Summary: regex: [A-z] detected as empty range with en_US.UTF-8

Keywords:
Status:	CLOSED WORKSFORME
Alias:	None
Product:	Red Hat Enterprise Linux 6
Classification:	Red Hat
Component:	grep
Sub Component:
Version:	6.0
Hardware:	All
OS:	Linux
Priority:	low
Severity:	medium
Target Milestone:	rc
Target Release:	---
Assignee:	Jaroslav Škarvada
QA Contact:	BaseOS QE - Apps
Docs Contact:
URL:
Whiteboard:
Depends On:	583011
Blocks:
TreeView+	depends on / blocked

Reported:	2010-09-20 15:55 UTC by Jaroslav Škarvada
Modified:	2010-11-24 11:25 UTC (History)
CC List:	7 users (show)
Fixed In Version:
Doc Type:	Bug Fix
Doc Text:
Clone Of:	583011
Environment:
Last Closed:	2010-11-24 11:25:50 UTC
Target Upstream Version:
Embargoed:

Attachments	(Terms of Use)

Description Jaroslav Škarvada 2010-09-20 15:55:56 UTC

+++ This bug was initially created as a clone of Bug #583011 +++

"make pdf" in binutils is broken:

[hjl@gnu-6 bfd]$ make pdf
Making pdf in doc
make[1]: Entering directory `/export/build/gnu/binutils/build-x86_64-linux/bfd/doc'
TEXINPUTS="/export/gnu/import/git/binutils/bfd/../texinfo:$TEXINPUTS" \
	MAKEINFO='makeinfo --split-size=5000000   -I /export/gnu/import/git/binutils/bfd/doc' \
	`if test -f /export/gnu/import/git/binutils/bfd/../texinfo/util/texi2dvi; then echo /export/gnu/import/git/binutils/bfd/../texinfo/util/texi2dvi; else echo texi2dvi; fi` --pdf --batch -o bfd.pdf `test -f 'bfd.texinfo' || echo '/export/gnu/import/git/binutils/bfd/doc/'`bfd.texinfo
egrep: Invalid range end
/usr/bin/texi2dvi: cannot read .//export/gnu/import/git/binutils/bfd/doc/bfd.texinfo, skipping.
make[1]: *** [bfd.pdf] Error 1
make[1]: Leaving directory `/export/build/gnu/binutils/build-x86_64-linux/bfd/doc'
make: *** [pdf-recursive] Error 1
[hjl@gnu-6 bfd]$ 

/usr/bin/texi2dvi has

 # If the COMMAND_LINE_FILENAME is not absolute (e.g., --debug.tex),
  # prepend `./' in order to avoid that the tools take it as an option.
  echo "$command_line_filename" | $EGREP '^(/|[A-z]:/)' >&6 \
  || command_line_filename="./$command_line_filename"

and it no longer works:

[hjl@gnu-6 bfd]$ echo foo | egrep '^(/|[A-z]:/)'
egrep: Invalid range end
[hjl@gnu-6 bfd]$

--- Additional comment from hongjiu.lu on 2010-04-16 14:52:35 CEST ---

It doesn't like "[A-z]"

[hjl@gnu-6 bfd]$ echo foo | egrep '[A-z]'
egrep: Invalid range end
[hjl@gnu-6 bfd]$ echo foo | egrep '[A-Z]'
foo
[hjl@gnu-6 bfd]$

--- Additional comment from hongjiu.lu on 2010-04-16 14:58:47 CEST ---

I am not sure what "[A-z]" means. Shouldn't it be "[A-Z]"?

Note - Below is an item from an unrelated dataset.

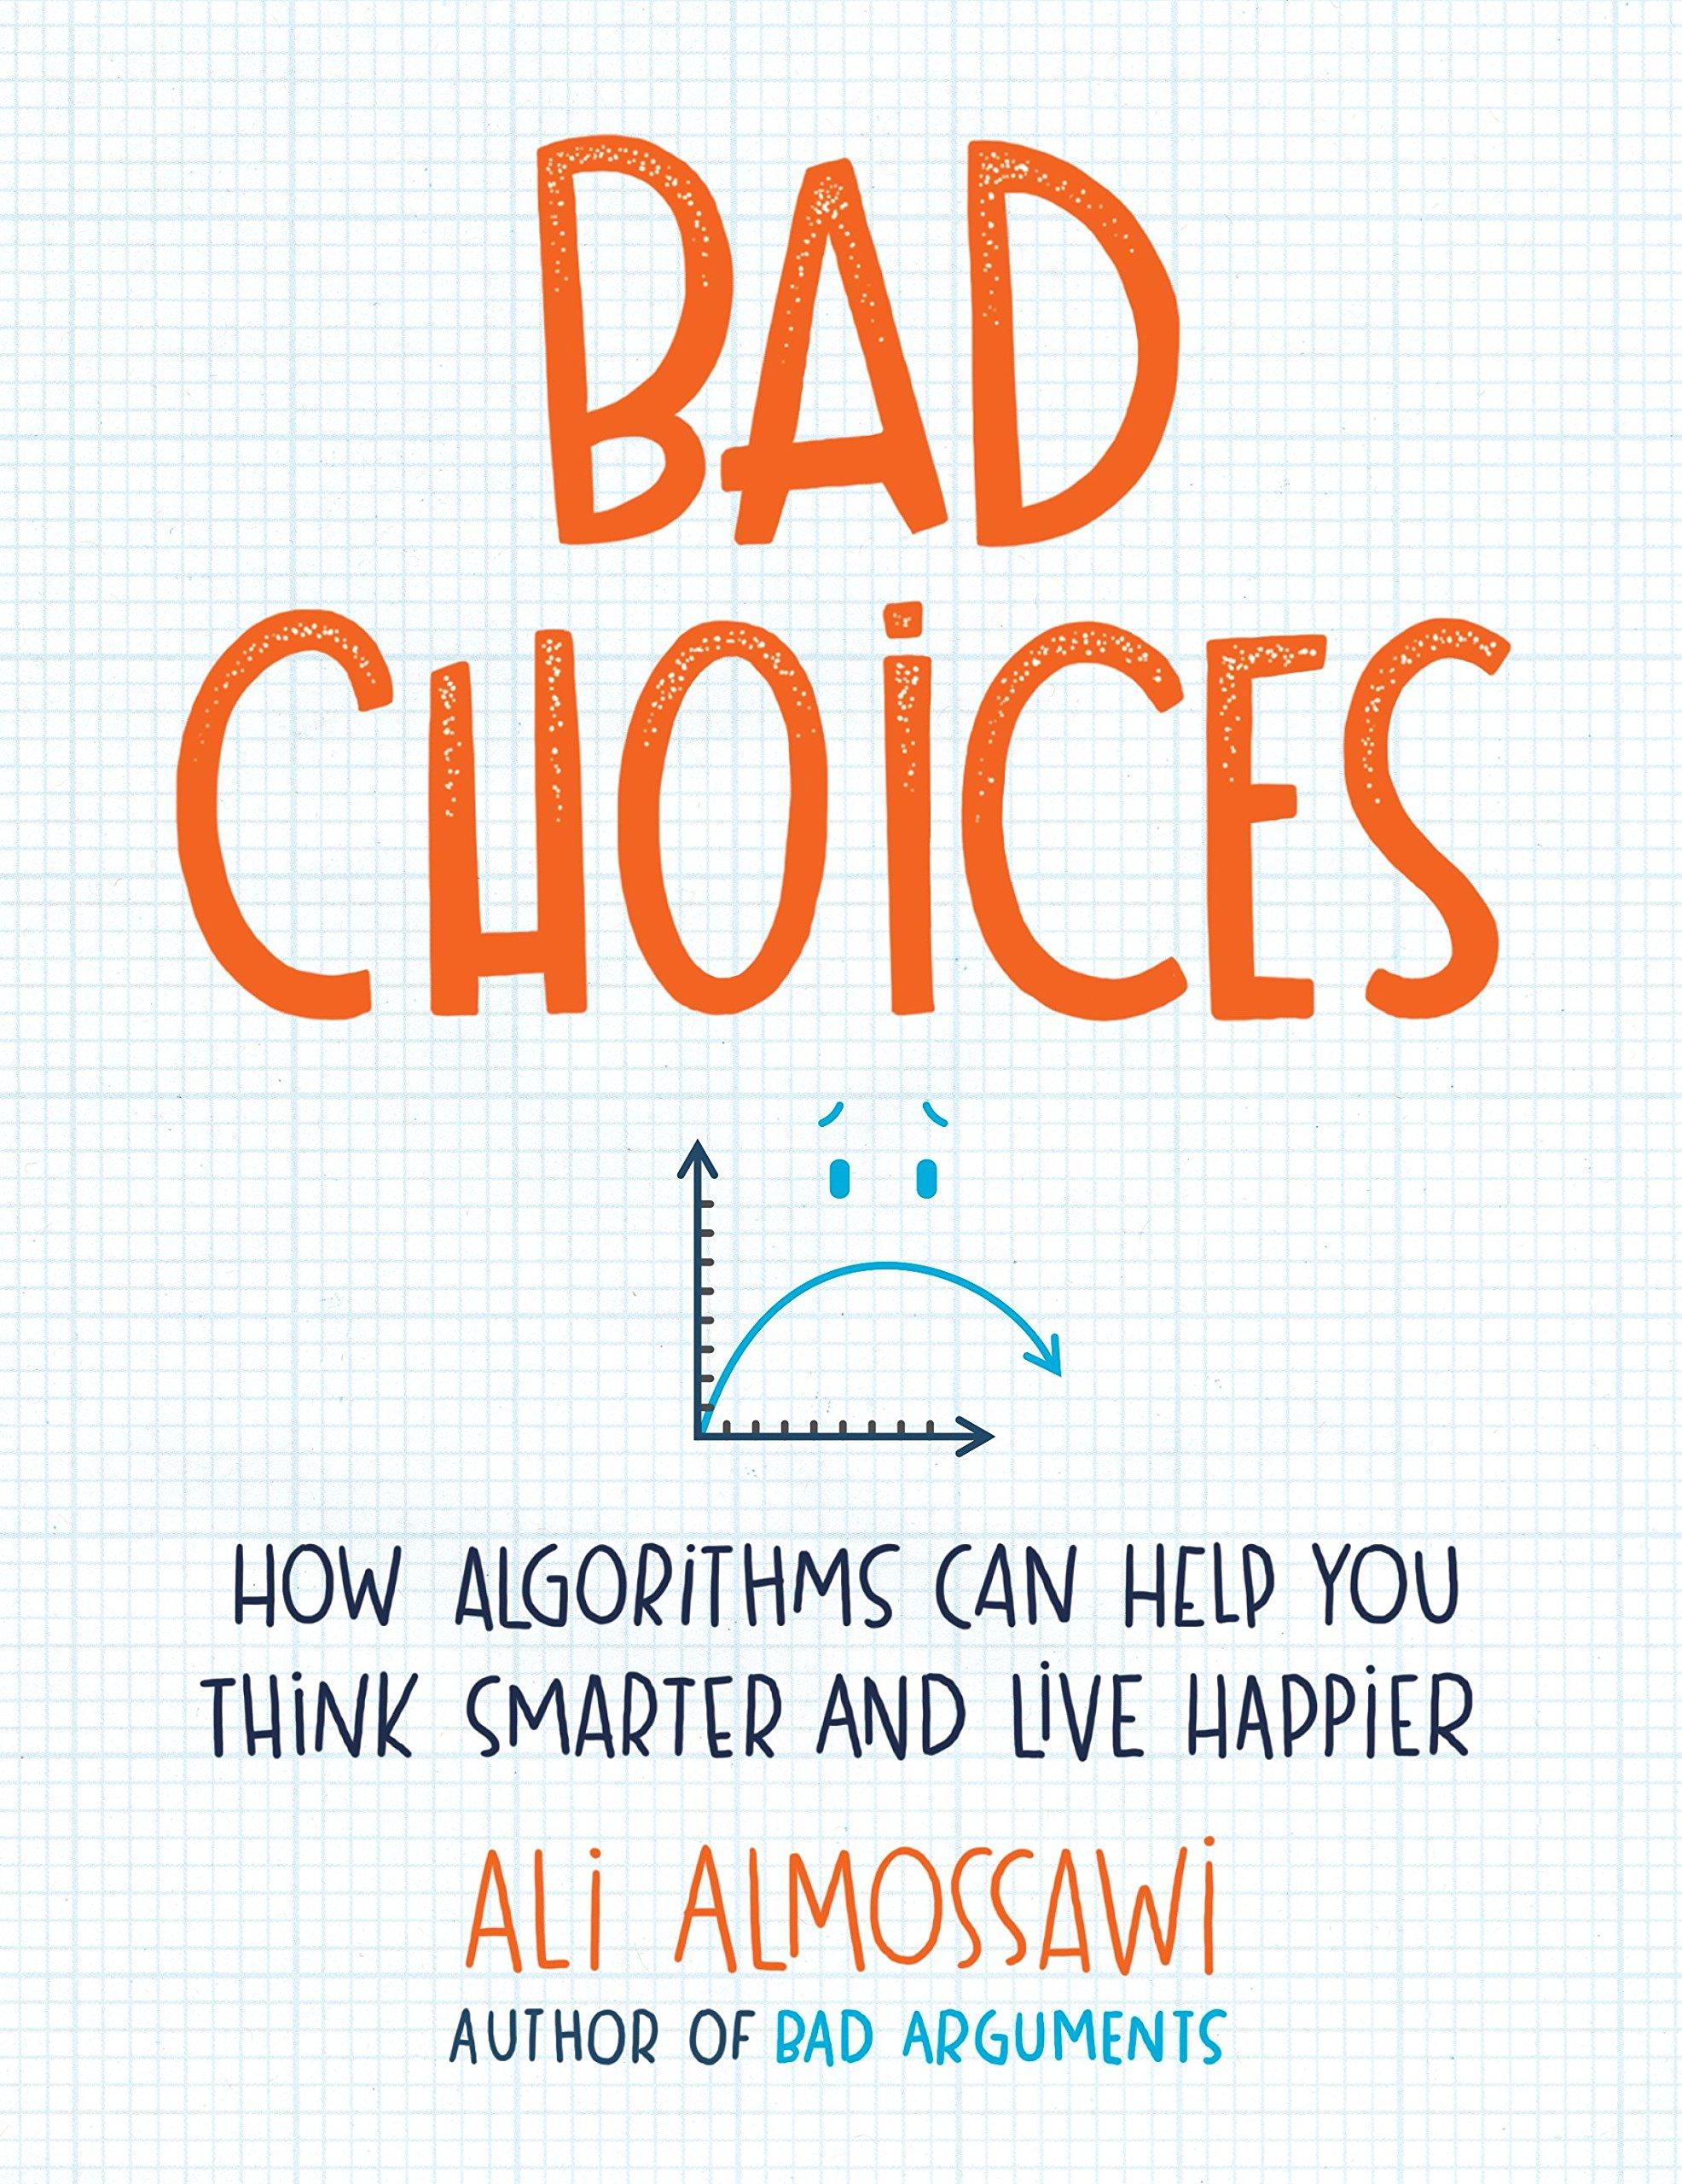 Bad Choices Algorithms Smarter Happier product image
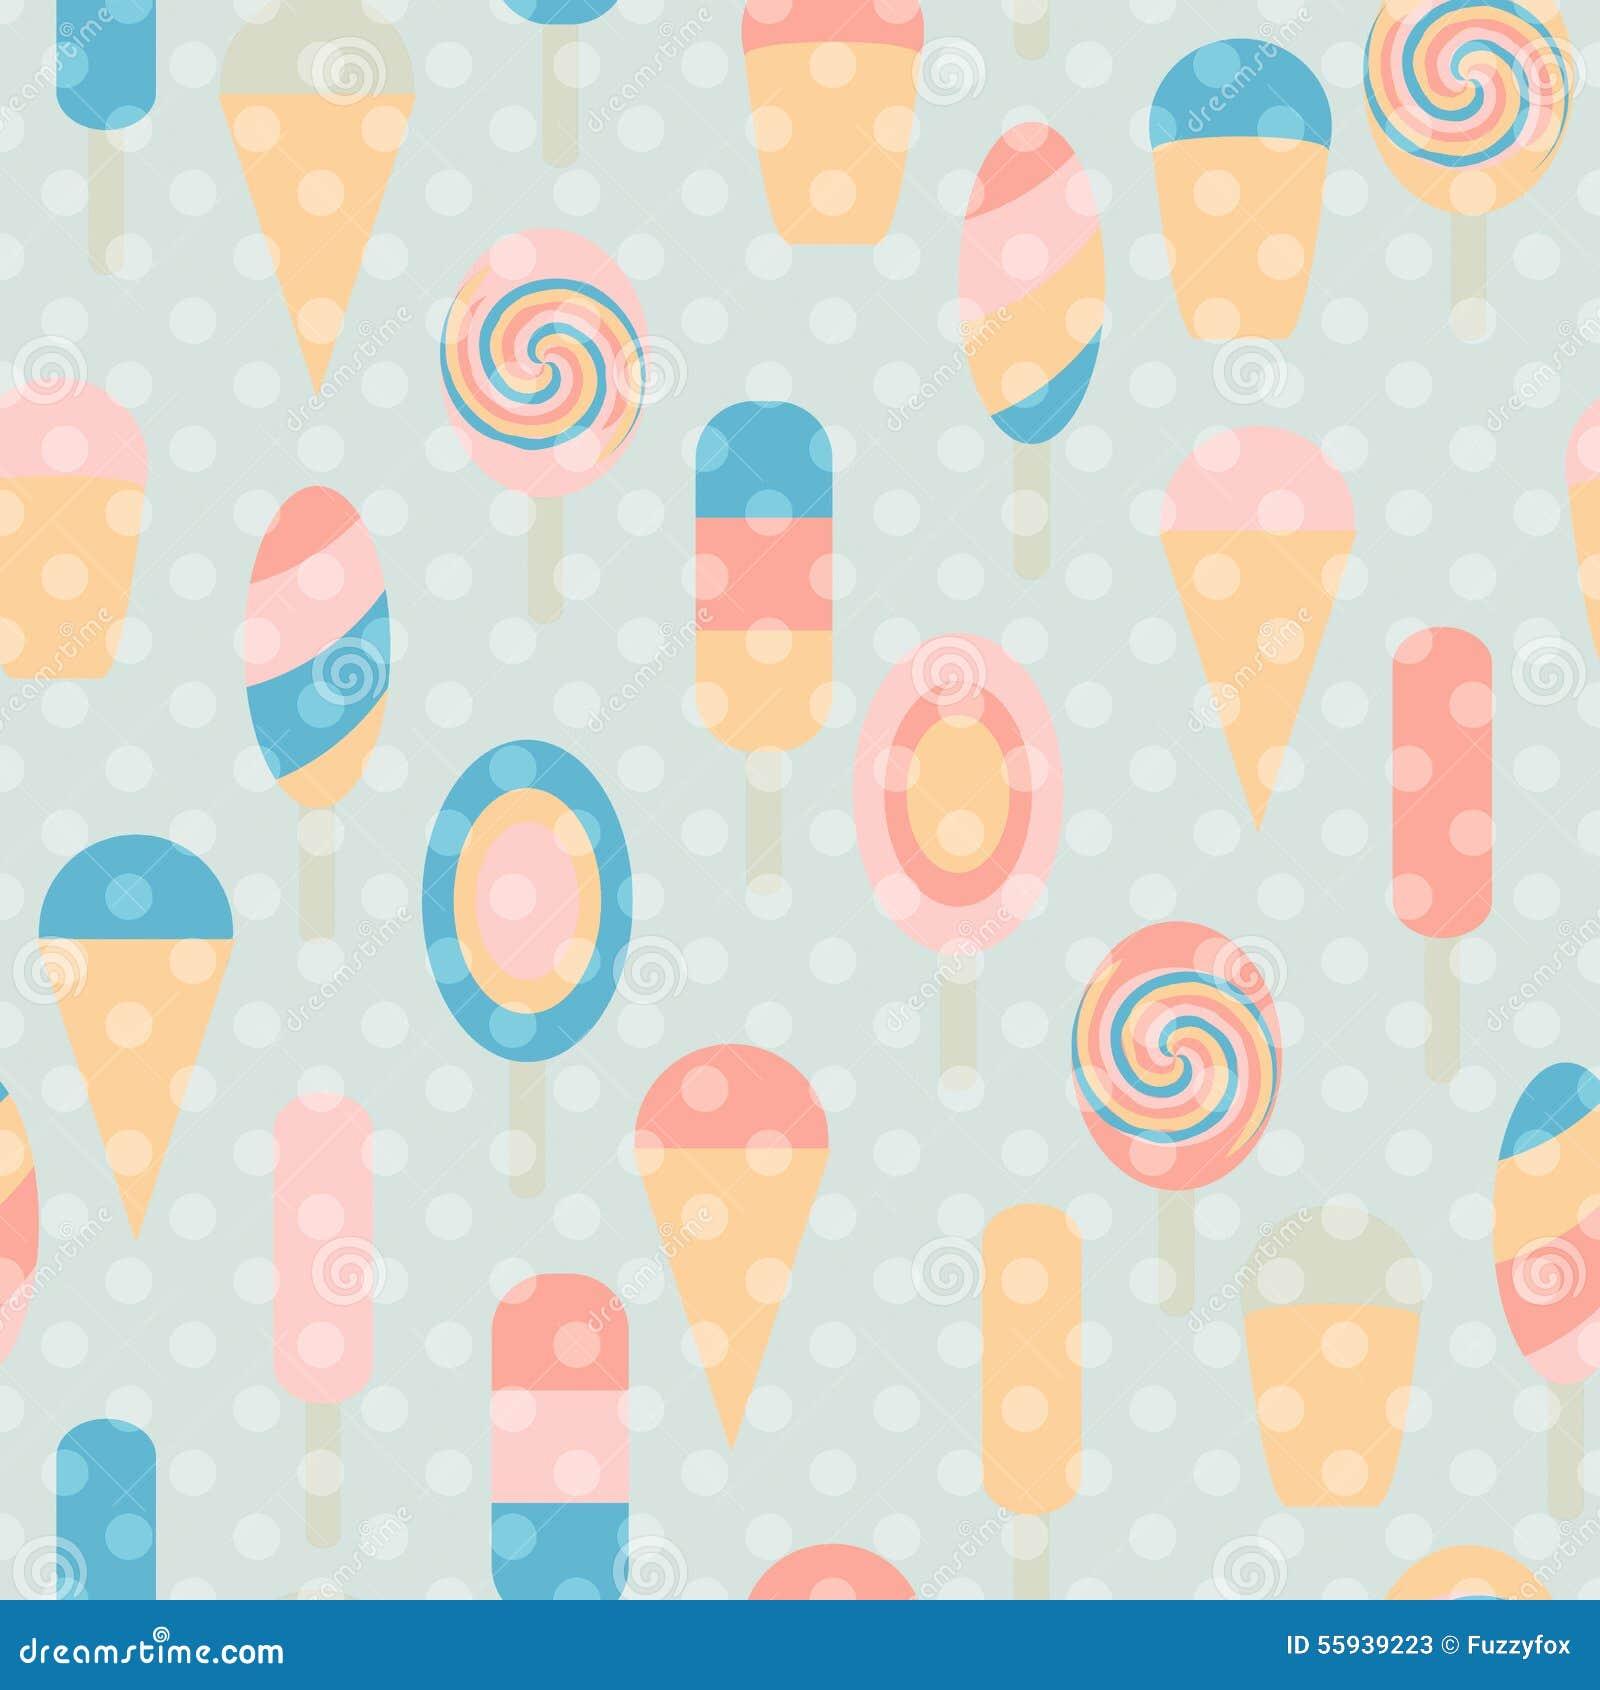 Seamless Ice Cream Background Vintage Style: Ice Cream Seamless Vintage Pattern

--- Additional comment from jskarvad on 2010-04-16 15:02:22 CEST ---

Hmm, it works perfectly for me:

$ make pdf
...
$ echo $?
0

$ echo foo | egrep '^(/|[A-z]:/)'
$ echo foo | egrep '[A-z]'
foo
$ echo foo | egrep '[A-Z]'
foo
$ egrep --version
GNU grep 2.6.3
...

What is your locale?

--- Additional comment from jskarvad on 2010-04-16 15:03:53 CEST ---

Ad comment 2:
[A-z] means A-Z, some special chars and a-z inclusive.

--- Additional comment from hongjiu.lu on 2010-04-16 15:09:36 CEST ---

(In reply to comment #3)
> 
> What is your locale?    

I have

LANG=en_US.UTF-8
LC_CTYPE="en_US.UTF-8"
LC_NUMERIC="en_US.UTF-8"
LC_TIME="en_US.UTF-8"
LC_COLLATE="en_US.UTF-8"
LC_MONETARY="en_US.UTF-8"
LC_MESSAGES="en_US.UTF-8"
LC_PAPER="en_US.UTF-8"
LC_NAME="en_US.UTF-8"
LC_ADDRESS="en_US.UTF-8"
LC_TELEPHONE="en_US.UTF-8"
LC_MEASUREMENT="en_US.UTF-8"
LC_IDENTIFICATION="en_US.UTF-8"
LC_ALL=

--- Additional comment from jskarvad on 2010-04-16 15:13:18 CEST ---

Confirmed, I will investigate it. It works with C and cs_CZ.UTF-8 locales but not with en_US[.UTF-8] locale.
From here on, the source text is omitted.